Паж разбудил сотоварищей принца, которые спали в прихожей и на лестнице, утомленные ночными похождениями.
— Есть среди вас хоть один трезвый? — спросил Ротсей, с отвращением осмотрев свою свиту.
— Никого… ни одного человека, — отвечали его люди пьяным хором. — Никто из нас не посмеет изменить Императору Веселых Затейников!
— Значит, вы все обратились в скотов? — сказал принц.

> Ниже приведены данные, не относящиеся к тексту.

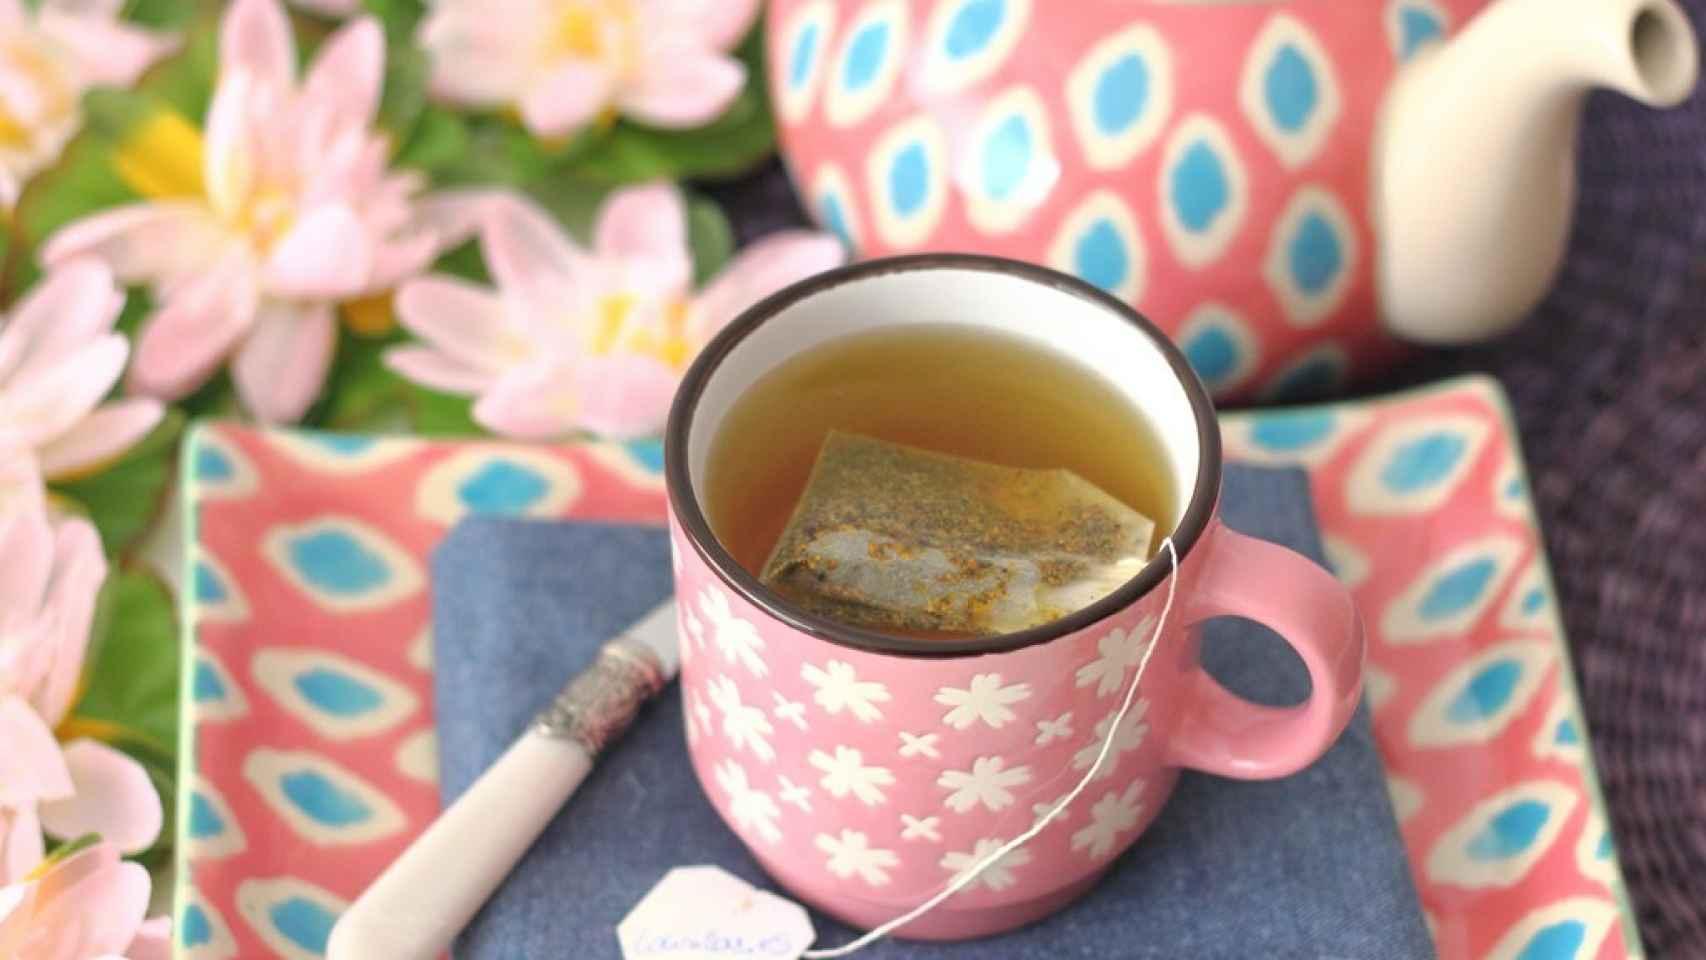 Cómo preparar el té correctamente

— Повинуясь и подражая вашему высочеству! — ответил один удалец. — Или, ежели мы и отстали немного от нашего принца, довольно будет разок приложиться к бутыли…
— Молчать, скотина! — оборвал его герцог Ротсей. — Так нет среди вас ни одного трезвого?
— Есть один, мой благородный государь, — был ответ, — есть тут недостойный брат наш, Уоткинс Англичанин.
— Подойди ко мне, Уоткинс, подержи факел… Подай мне плащ… так, и другую шляпу, а этот хлам прими… — Принц отбросил свою корону из перьев. — Если бы только я мог так же легко стряхнуть всю свою дурь!.. Англичанин Уот, проводишь меня ты один. А вы все кончайте бражничать и скиньте шутовские наряды. Праздник миновал. Наступает великий пост.
— Наш император слагает с себя корону раньше чем обычно в эту ночь, — сказал один из ватаги затейников.
Но так как принц ничем не выразил одобрения, каждый, кто к этому часу не мог похвалиться добродетельно-трезвым видом, постарался в меру сил напустить его на себя, и в целом ватага запоздалых бражников походила теперь на компанию приличных людей, которых случайно захватили в пьяном виде, и вот они спешат замаскироваться, напуская на себя преувеличенную добропорядочность. Принц между тем, торопливо сменив одежду, проследовал к дверям за факелом, который нес перед ним единственный трезвый человек из его свиты, но, не дойдя до выхода, чуть не упал, споткнувшись о тушу спящего Бонтрона.
— Что такое? Это гнусное животное опять у нас па пути? — сказал он с отвращением и гневом. — Эй, кто тут есть! Окуните мерзавца в колоду, из которой поят лошадей, пусть он хоть раз в жизни дочиста омоется!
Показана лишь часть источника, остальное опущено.